Average requests per second:
46007 Spring 23969 Perfect-Net 22828 Node 20257 Perfect-NIO 13980 Kitura 10775 Go 8946 Rails 8745 Vapor 8373 Laravel 5187 Django
- Some frameworks try and enforce a string object encoding methodology on JSON data, others treat it as a dictionary. I tried to keep with the lowest friction idiom for the framework.
Average requests per second:
24053 Spring 22759 Perfect-NIO 21675 Node 19148 Perfect-Net 10334 Rails 9881 Go 8637 Laravel 4084 Django 3206 Kitura 754 Vapor
- Since this mix test cycled through the full test set, if a framework did particularly bad on one of them it ended up having a big impact on these results. You can see this in the Spring and Vapor result charts.
Empty request, 2048 bytes response, 20k clients. Average requests per second:
40015 Perfect-NIO 39070 Spring 23445 Node 15495 Perfect-Net
- This test cranked things up a little further from the base /2048 test. Only the top performing frameworks were included (plus Perfect-Net for reference).

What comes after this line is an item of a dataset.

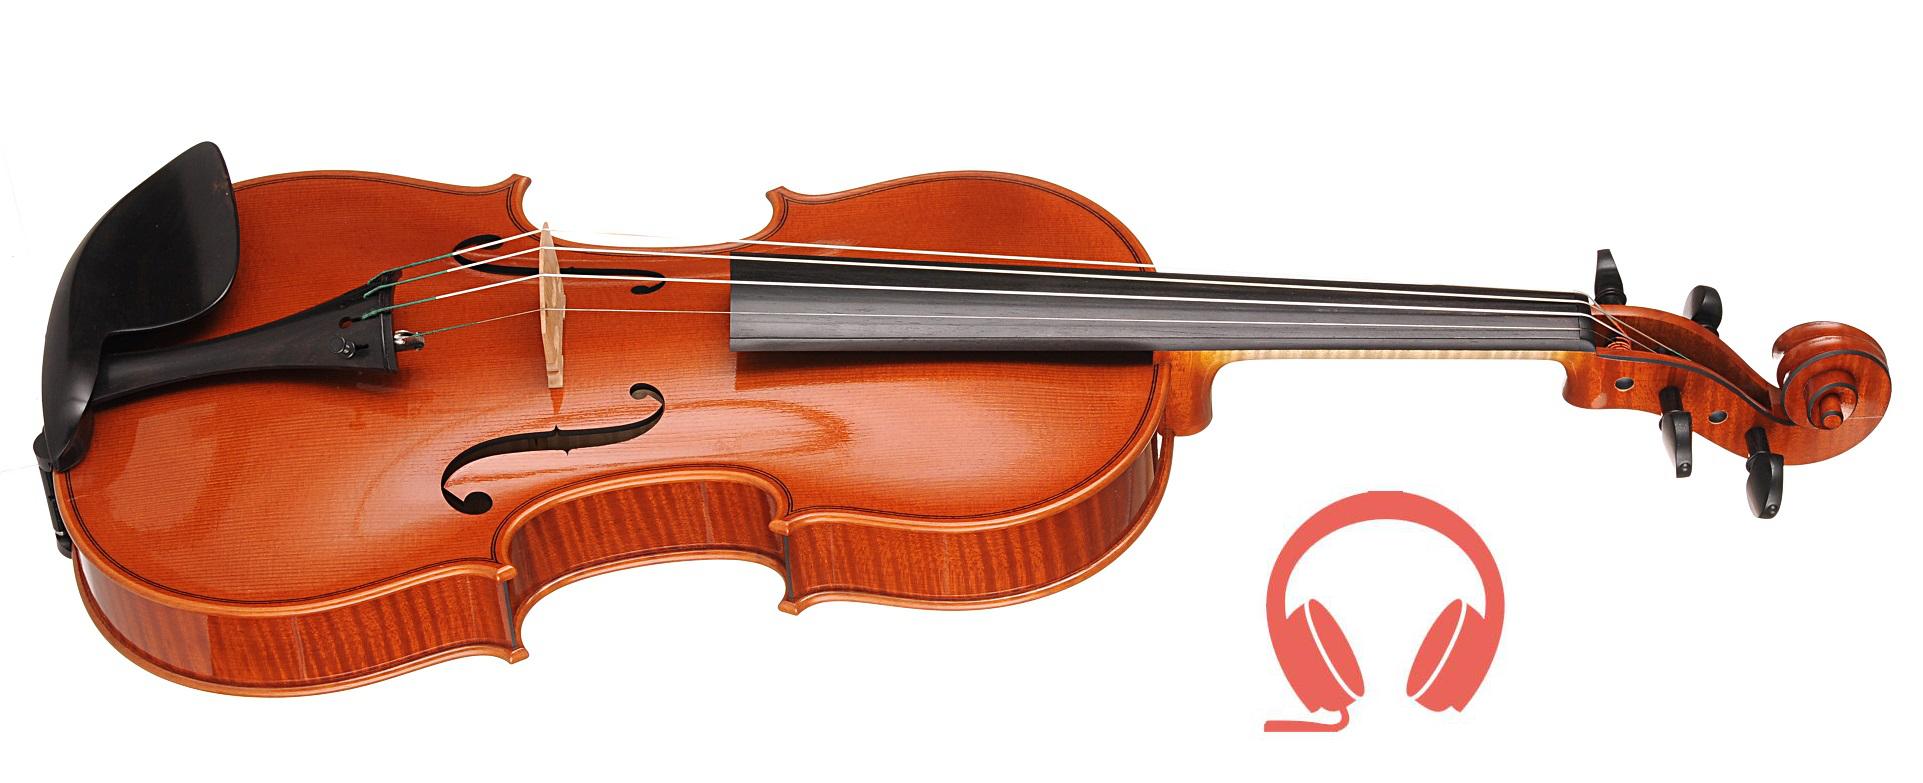 Debora Scianamé (Italy) - Finalist, violin No Hero | binaural audio recording, chamber hall | 13th International H. Wieniawski Violin Making Competition (2016)

Memory usage did not appear to be an issue with any framework. While the server test machine had beaucoup RAM, I didn't notice any leaks or unbounded growth in memory usage while tests were running.
Node performed consistently well. One can see a slight dip when it comes to parsing multipart form data (though it was still the top performer on that test), but otherwise it maintained at approximately 22k requests per second for every other test.
Go seemed to underperform my personal expectations; only utilizing a few of the many available CPUs. It's possible it would benefit from the same multi-acceptor methodology we applied to Perfect-NIO.
Finished Perfect-NIO. Completed WebSockets, compression (gzip, deflate), static file serving, and Mustache support.
Perfect 3 -> 4 compatability layer. Permits Perfect 3 code to run on Perfect-NIO with only changes to Package.swift file and imports.